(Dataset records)
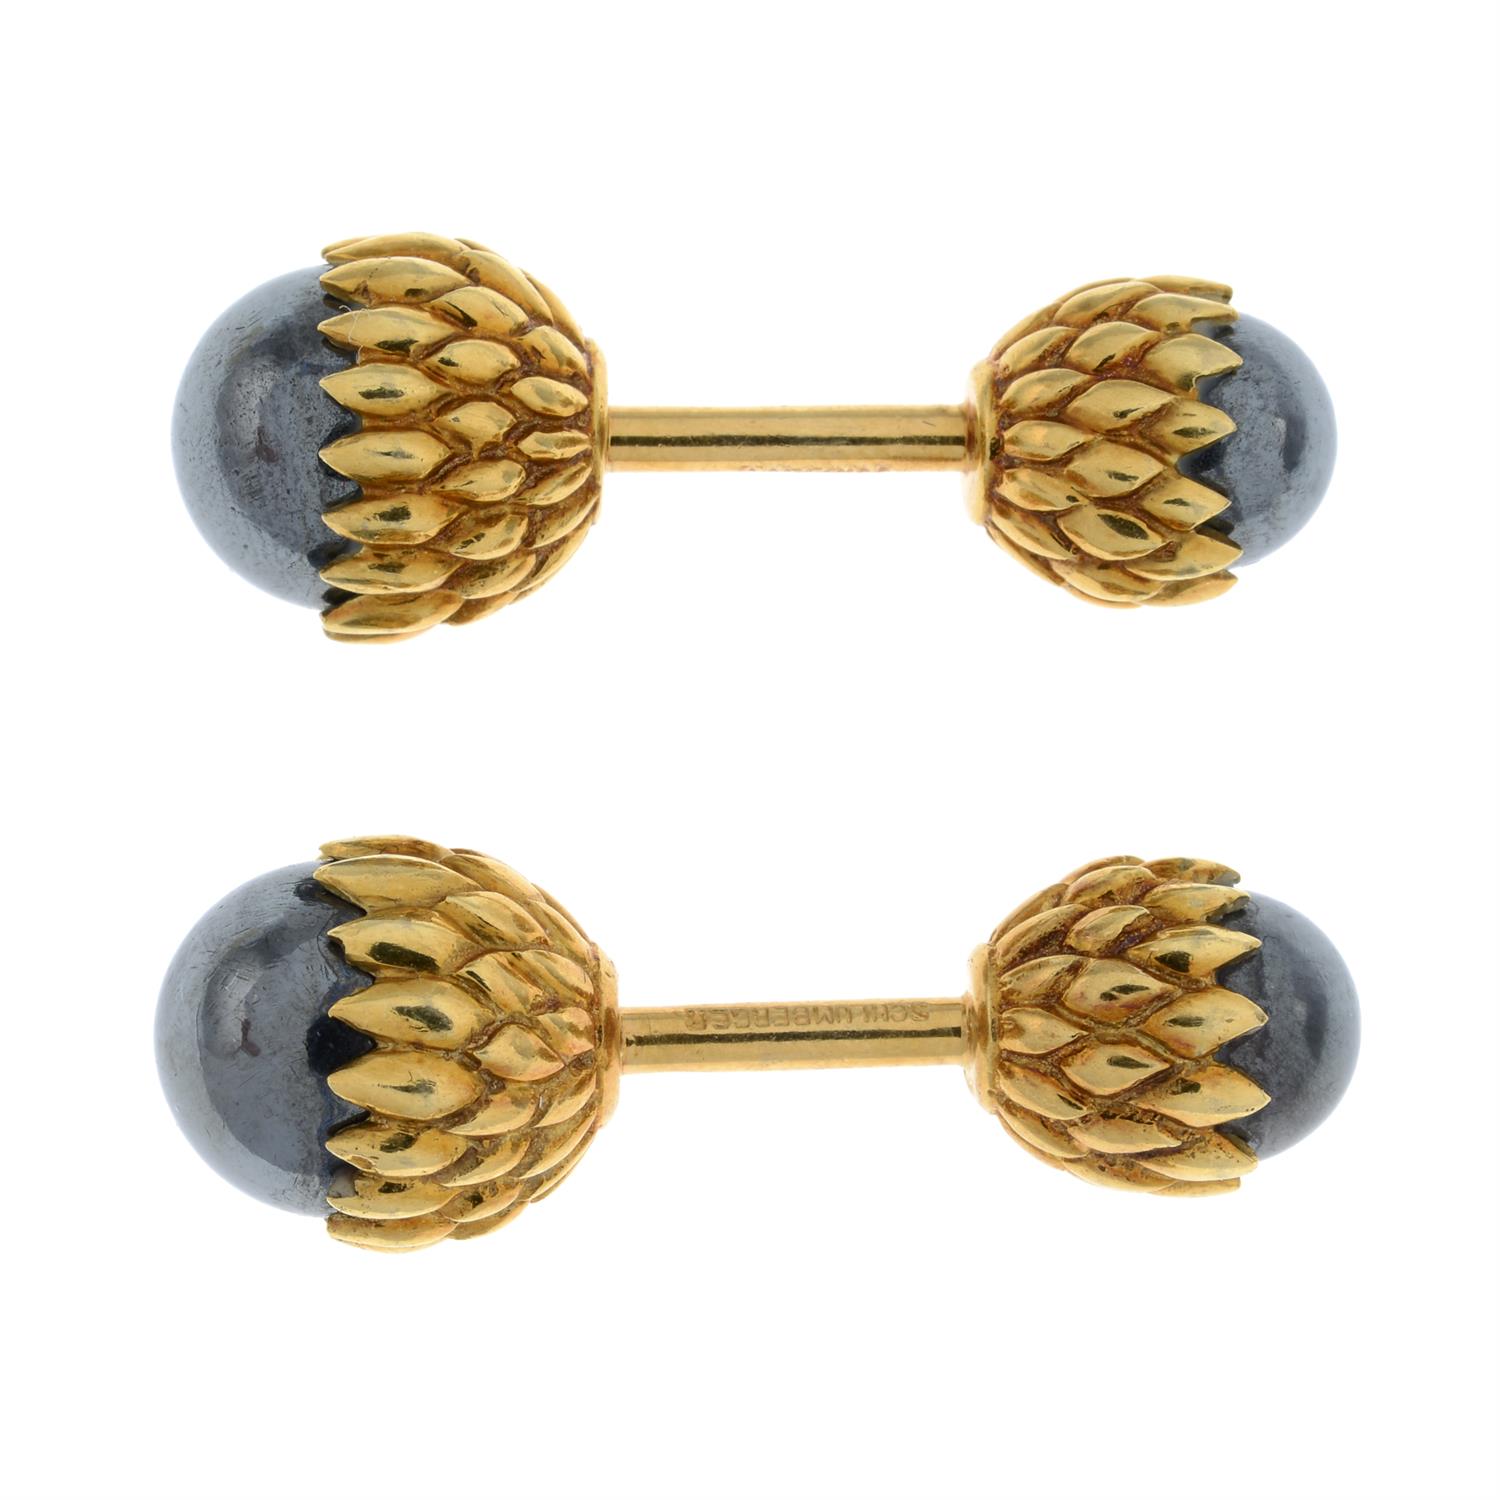 Cufflinks, by Schlumberger, for Tiffany & Co. - Image 2 of 4
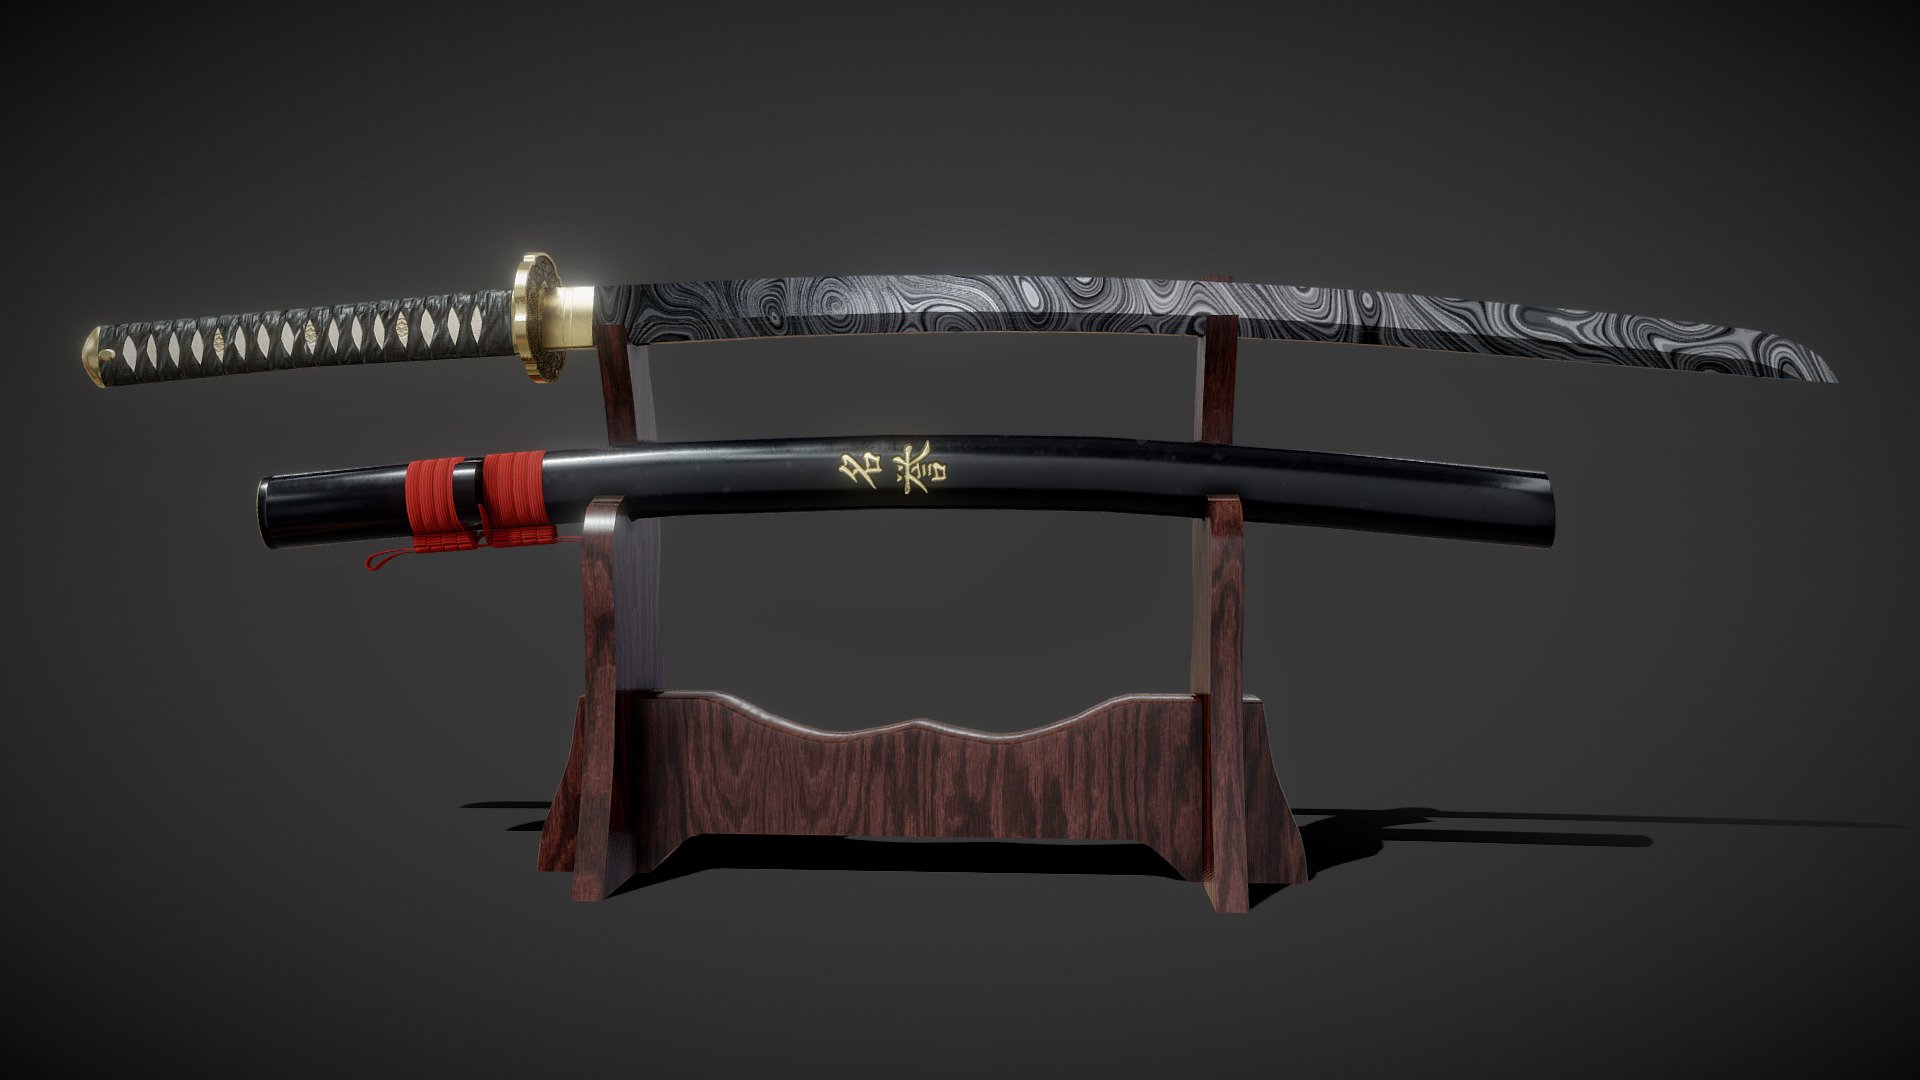 Textures at 2048x2048

Katana: 2976 polys and 2993 verts.

Scabbard: 2196 polys and 2237 verts.

Rack: 1360 polys and 1370 verts.

The RaR file contains the FBX files and 2 folders for unity5 and unreal4 textures.

RaR file size : 9MB 3d model

ASSIGNMENT:
In the data above, how many lines contain the word "verts"? Write the number only.

THE COMPLETED TASK:
3